Introduction
Giraudoux est un auteur du XXè siècle. Diplomate et spécialiste des relations franco-allemandes, il se rend rapidement compte de la menace hitlérienne. Il véhicule le message de la tragédie à travers la relecture d'un célèbre mythe grec : Electre. Il met également en avant le complexe d'Electre, c'est-à-dire la version féminine du complexe d'Œdipe. En effet, celle-ci aime son père Agamemnon, qui fut assassiné par sa mère et son amant il y a 20 ans. Electre voue en retour une haine sans borne à sa mère Clytemnestre. Dans la scène 8 de l'acte I, on assiste aux retrouvailles d'Electre et de son frère. Il s'agit d'un passage lyrique qui permet de mieux comprendre la psychologie d'Electre. Nous étudierons d'abord ses relations avec son frère, puis avec ses parents.
I. Les retrouvailles
Des relations plus que fraternelles
Les relations qu'ils entretiennent, ou du moins celles qu'Electre souhaiterait, semblent être plus que fraternelles. "O joie..." s'exclame Electre. Pour elle, Oreste représente l'être idéal : elle associe en fait ce frère à son père.

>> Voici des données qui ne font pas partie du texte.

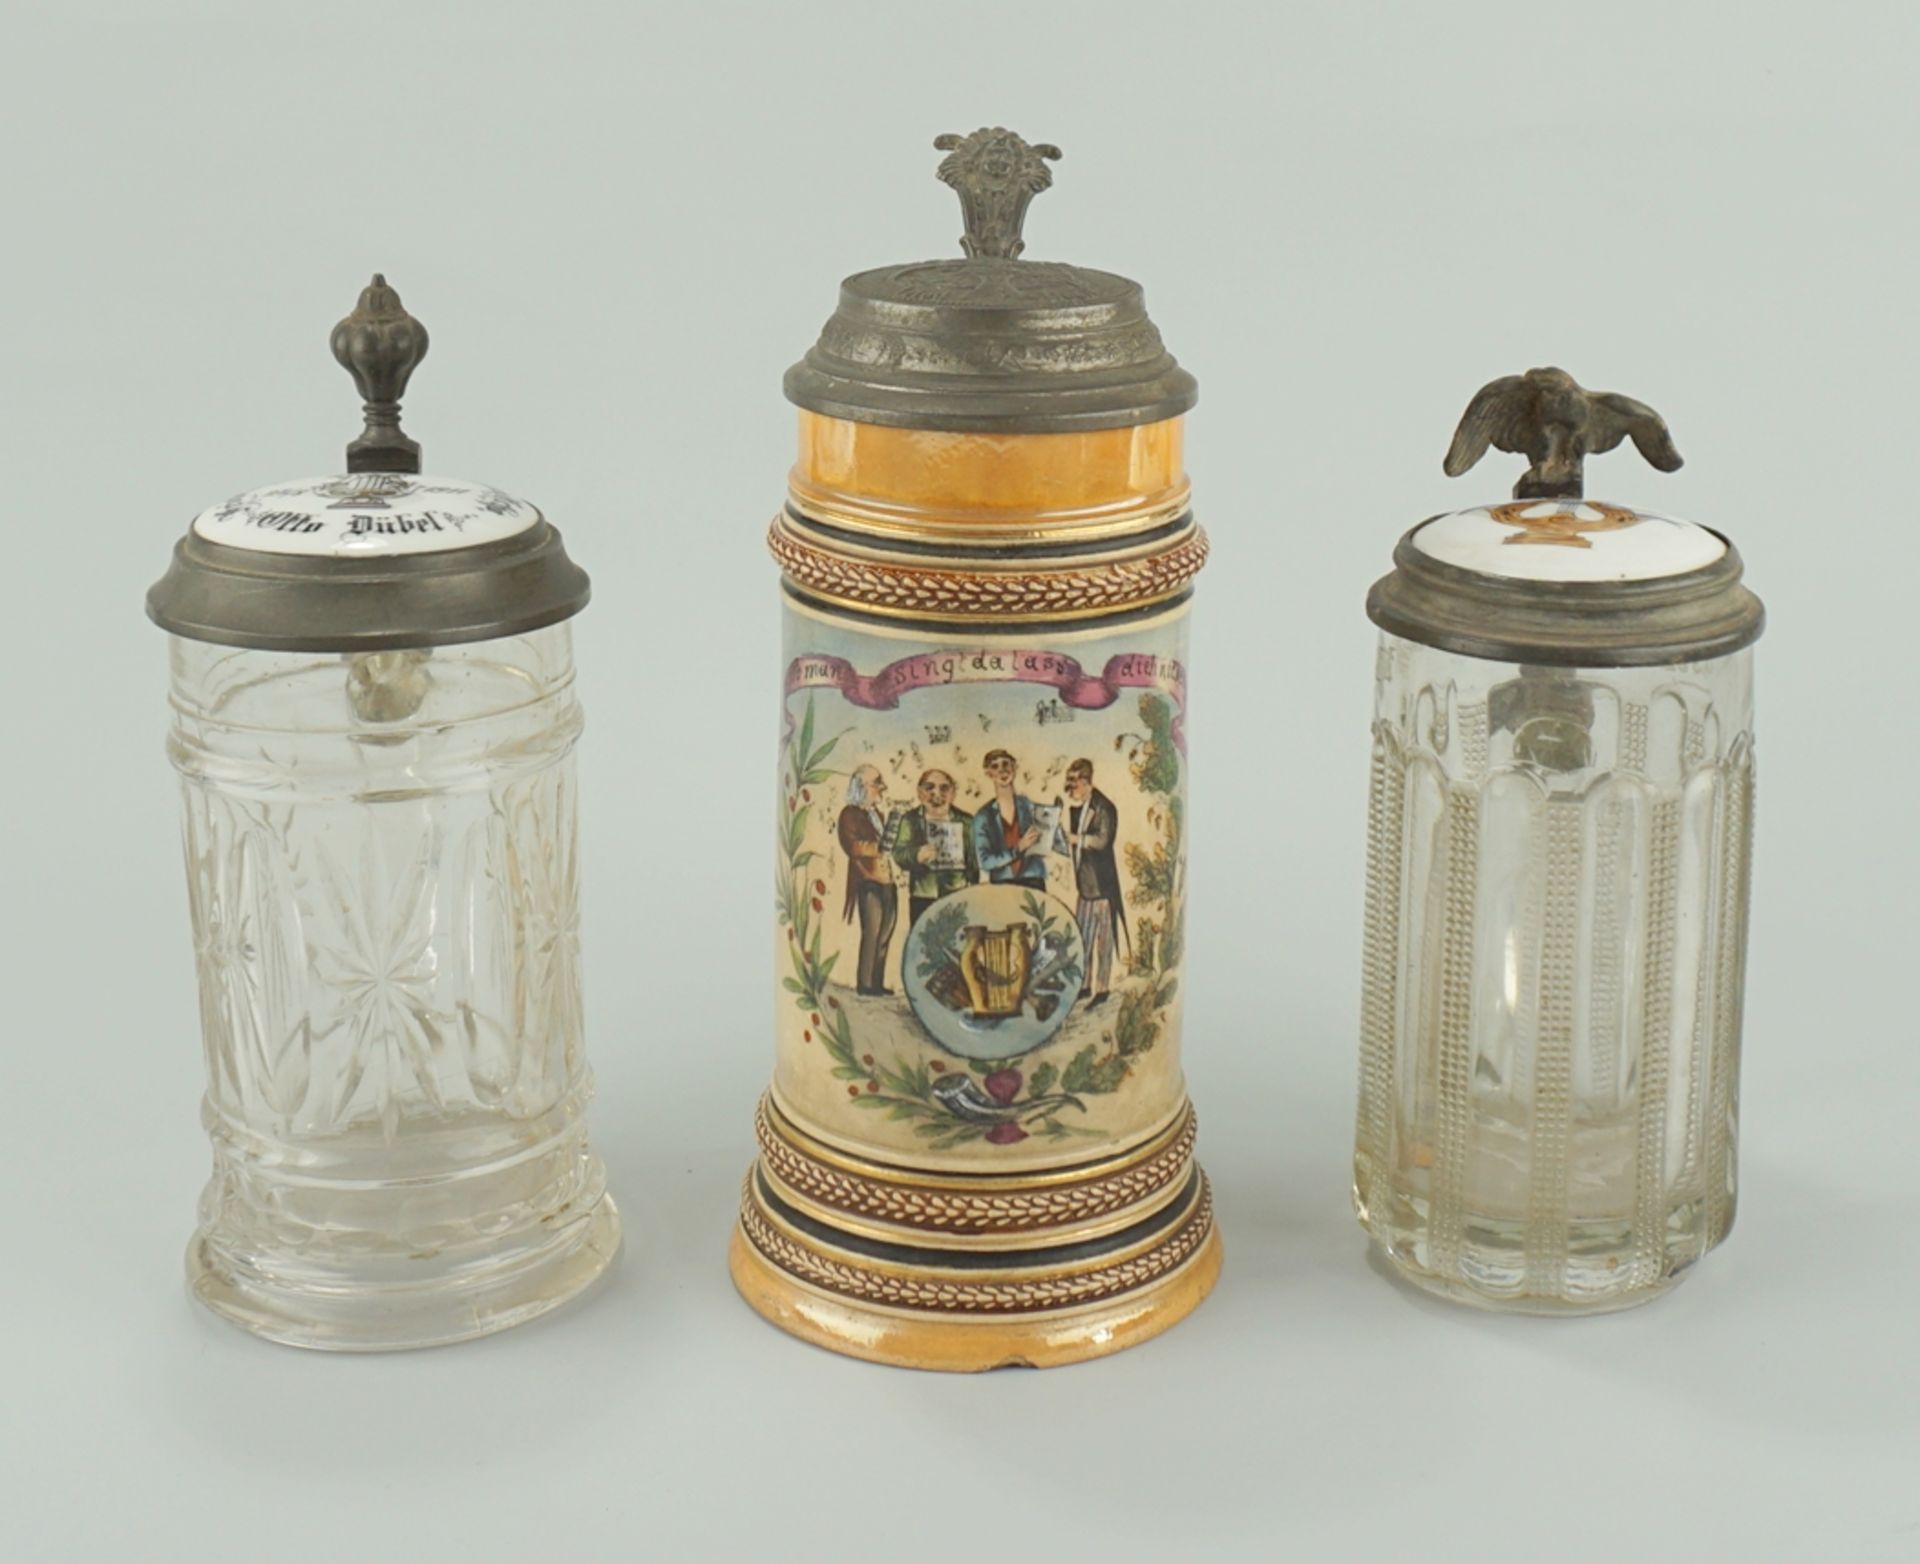 3x Bierkrüge "Sängerbund", davon 1x Keramik und 2x Glas mit Porzellandeckel, um 1880/1900 - Image 2 of 3

Electre recrée Oreste. Il se transforme en une statue qu'elle modèle. Elle ne cite que certains organes : la main, l'oreille, la poitrine, la bouche. Ceux-ci représentent en fait tout ce dont Electre a besoin pour assouvir sa soif de vengeance : une main pour tuer, ... Elle cherche à créer la machine parfaite pour tuer sa mère et son amant.
Electre tente de s'approprier Oreste. Elle veut le détacher de l'influence de sa mère : "te laver d'elle". Oreste est plus objectif qu'elle, alors qu'il a plus de choses à lui reprocher : il a été exilé et Clytemnestre a peut-être tenté de le tuer quand il était un bébé. Cependant, il est plus indulgent. Electre, au contraire, est intransigeante.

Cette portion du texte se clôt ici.